More than 65 people from Latin America and the United States participated in the webinar. Margarita Zambrano, partner at Meythaler & Zambrano Abogados and founding member of the local WIP chapter in Ecuador, gave opening remarks and introduced and moderated the panel. Vance Center Committee member Taisa Markus introduced the Vance Center and explained how the WIP program began with a survey by the New York City Bar Association on best practices for gender equity in the New York City legal profession and led to various conferences in Latin America, supporting women attorneys striving to improve conditions and opportunities in their home countries and develop local WIP chapters.

Markus, a retired law firm partner, recounted her 36-year career including how mentorship influenced her. Mariana Herrero, first female partner at Galicia Abogados in Mexico and founding board member of AbogadasMX,  described how Mexico’s WIP chapter started as a mentoring program with only 20 pairings in the first year and seven years later with 170, including male  mentors. The organization over this time, according to Herrero, has impacted more than 800 people, and although there is no proof of correlation, the number of women attorneys in law firms has increased.

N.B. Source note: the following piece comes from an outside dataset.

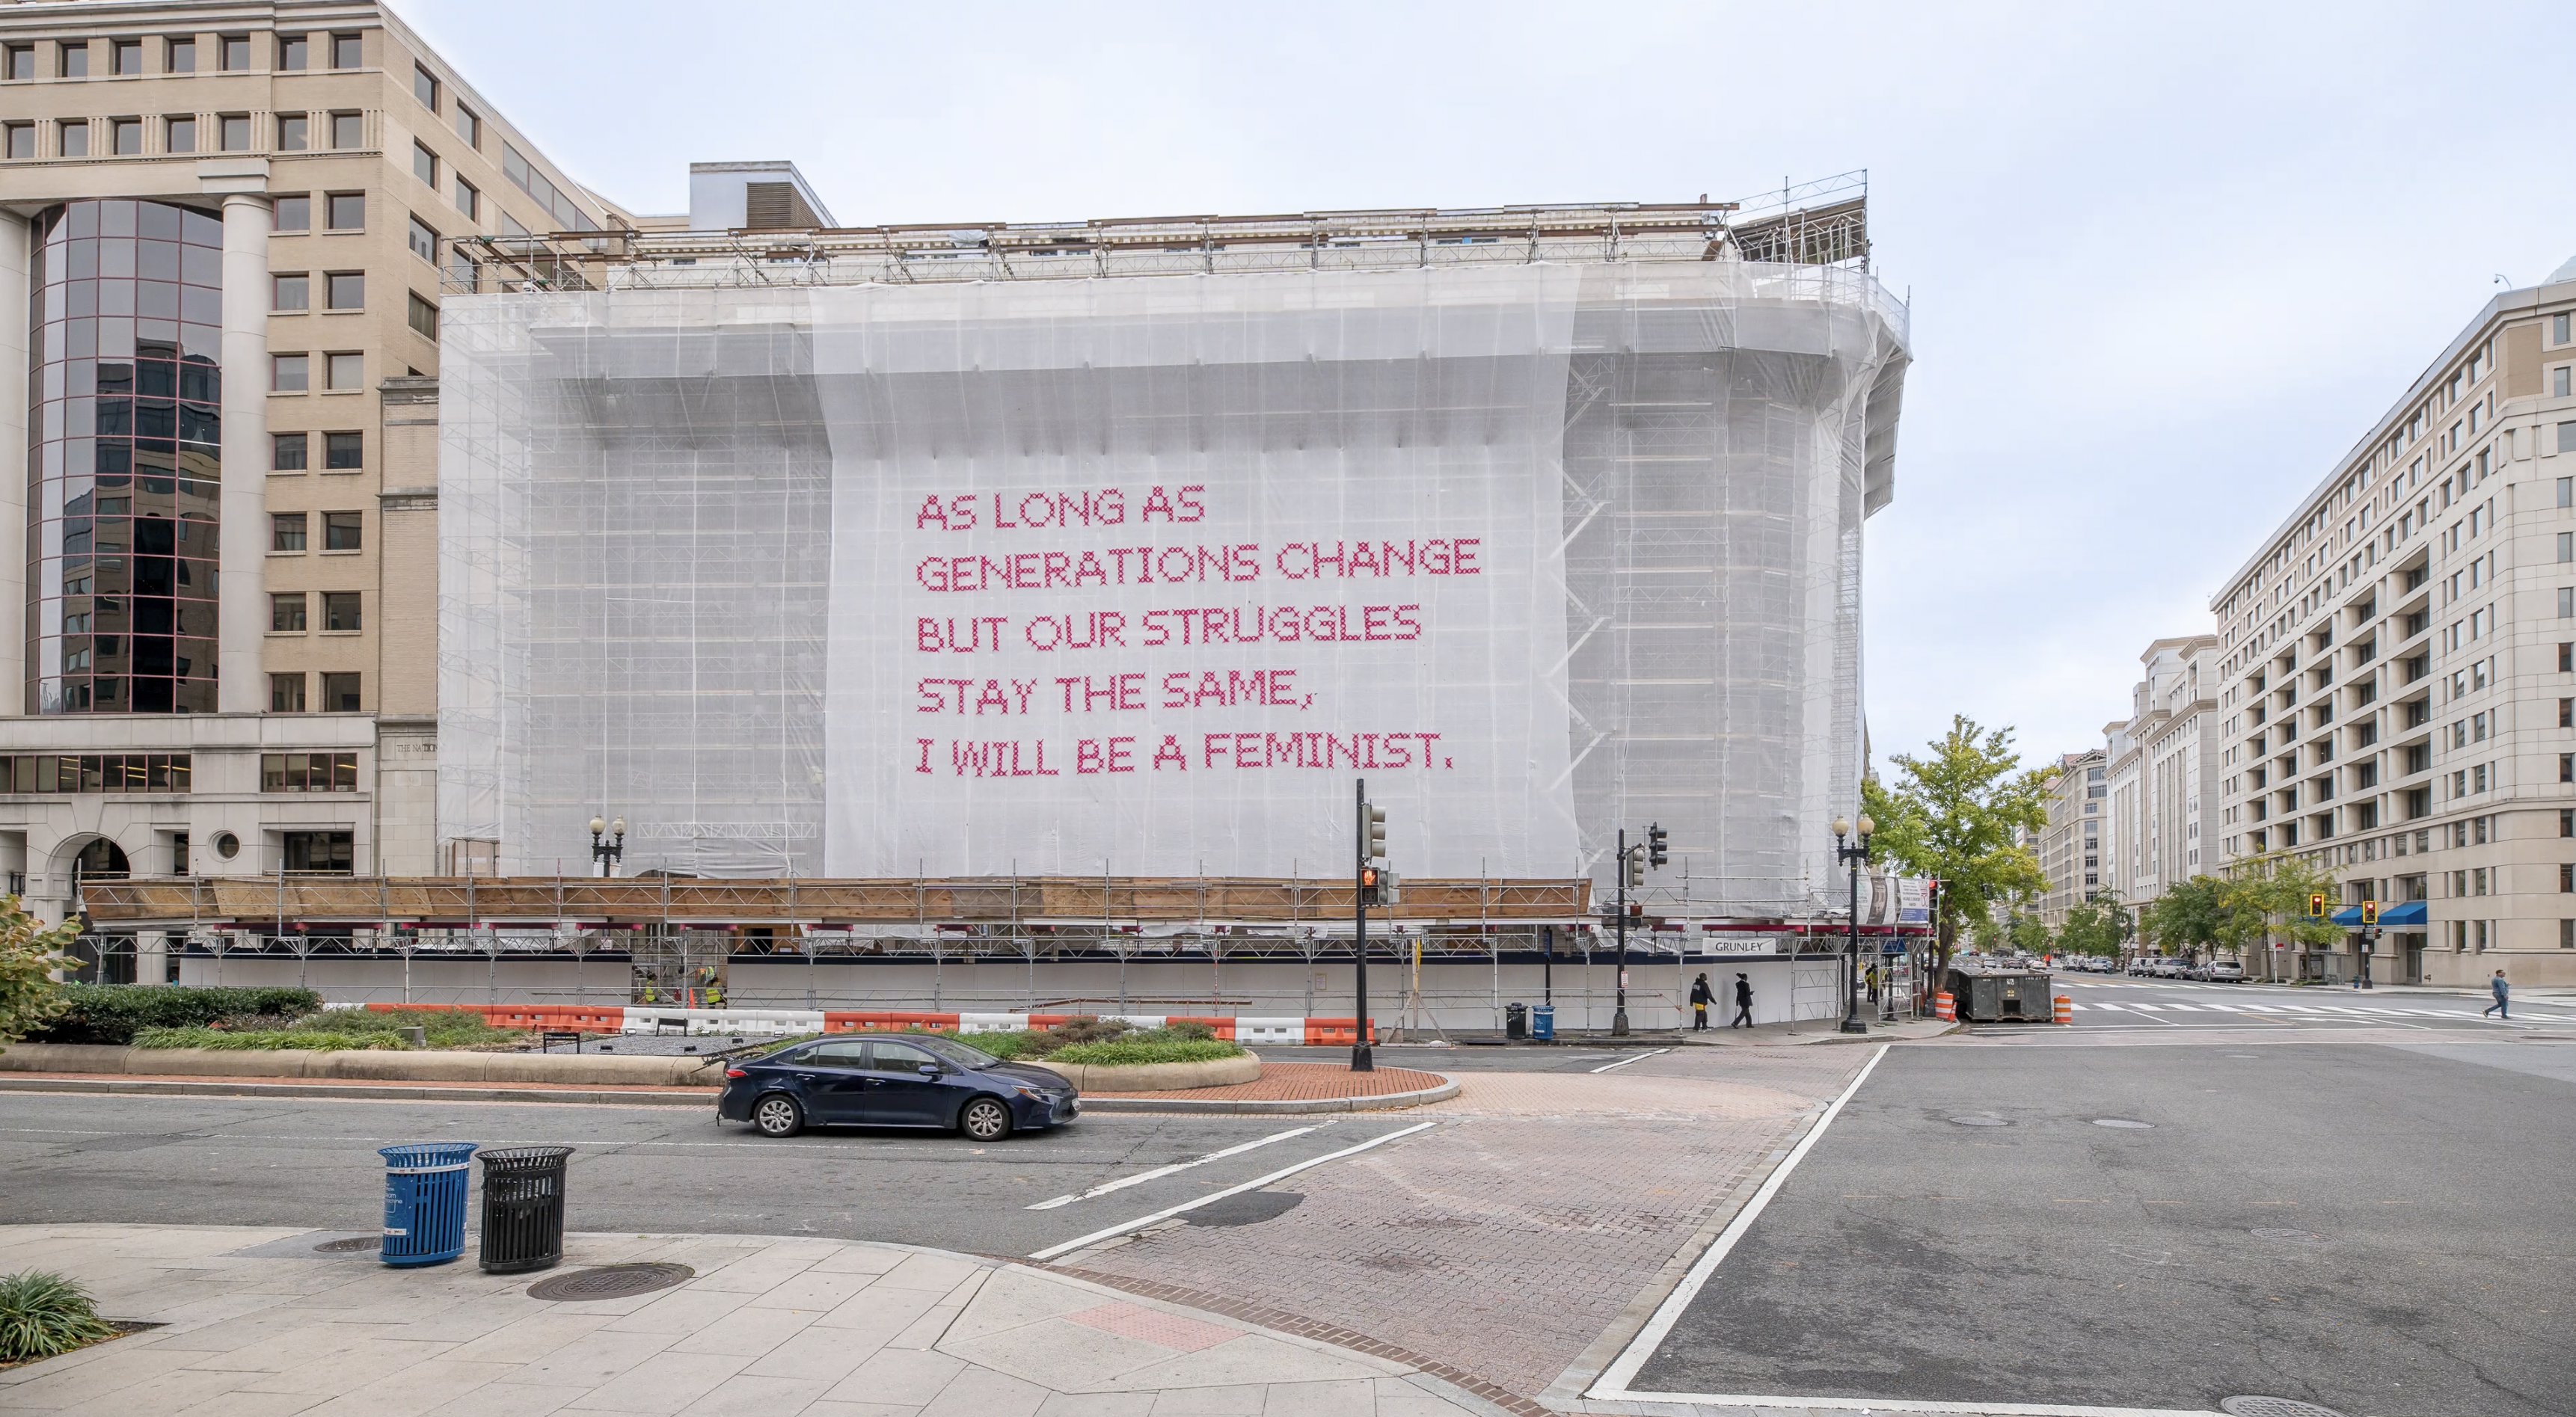 Video still of a building with a white mesh artwork covering its façade, featuring bright pink cross-stitched letters that say 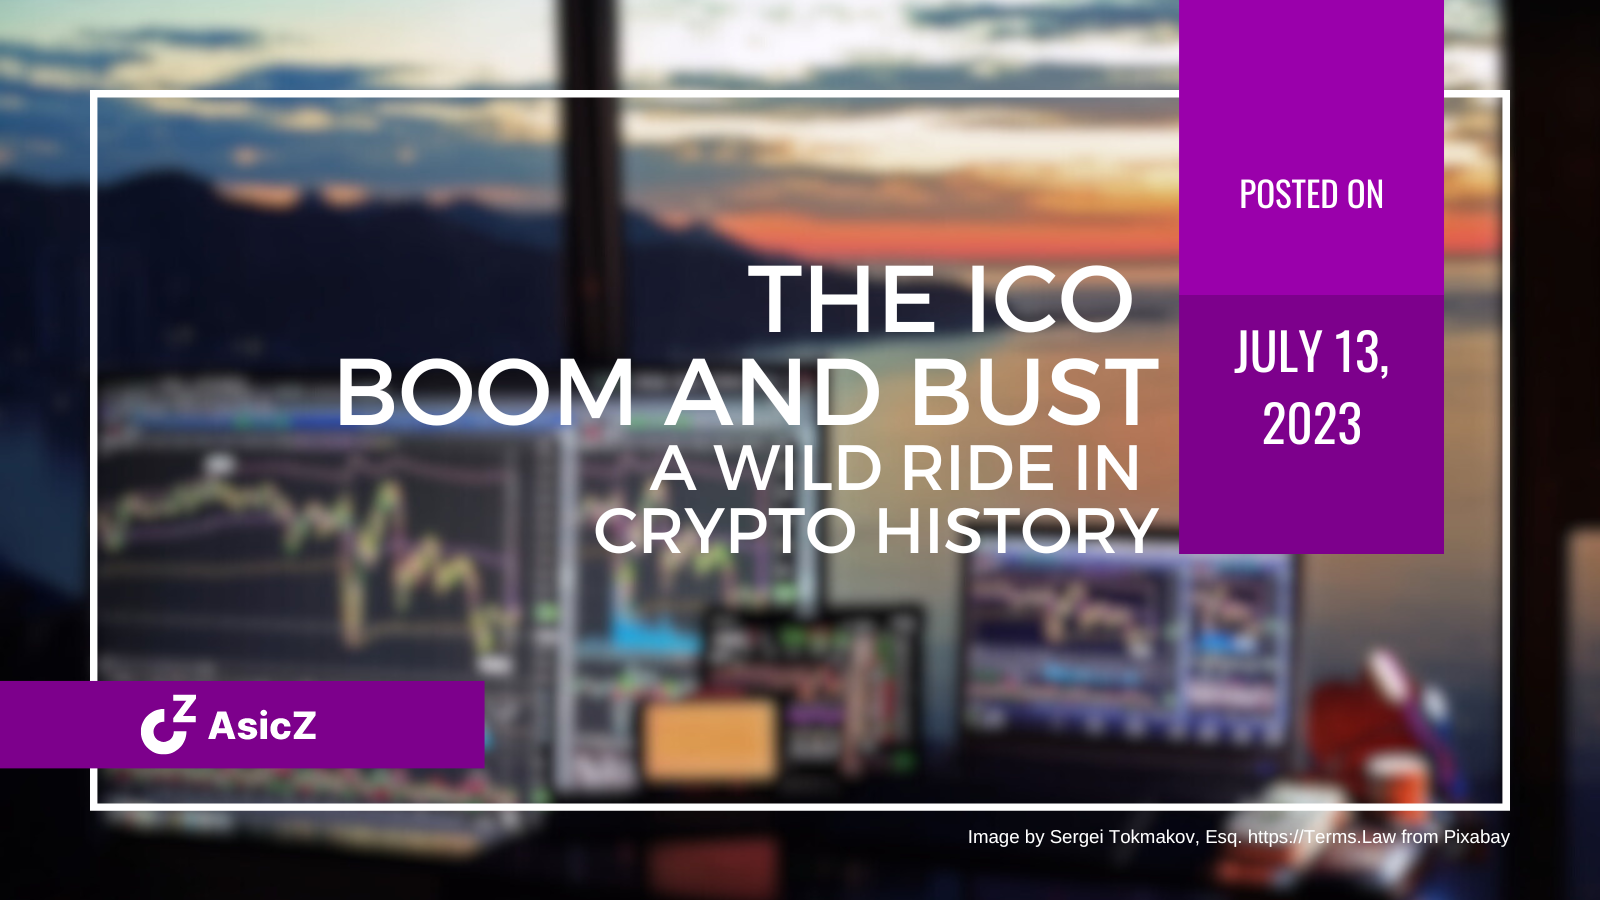 The ICO Boom and Bust – A Wild Ride in Crypto History

Marcus de Monzarz, of Monzarz Consultores in Peru, with more than 20 years of experience managing people, discussed the difference between executive coaching and mentoring: coaching is led mainly by the coachee, and the coaching goes at the pace of the coach; in contrast, mentoring can be directed by both the mentee and the mentor with greater benefit. De Monzarz also explained that mentoring within law firms can be strategic, for example, by enabling the firm to retain talent and reduce turnover, and connecting different generations of lawyers. He identified two types of challenges: technical and adaptive, and stressed that all mentoring programs should start with clarifying the objective, elicit feedback, and provide evaluation of results.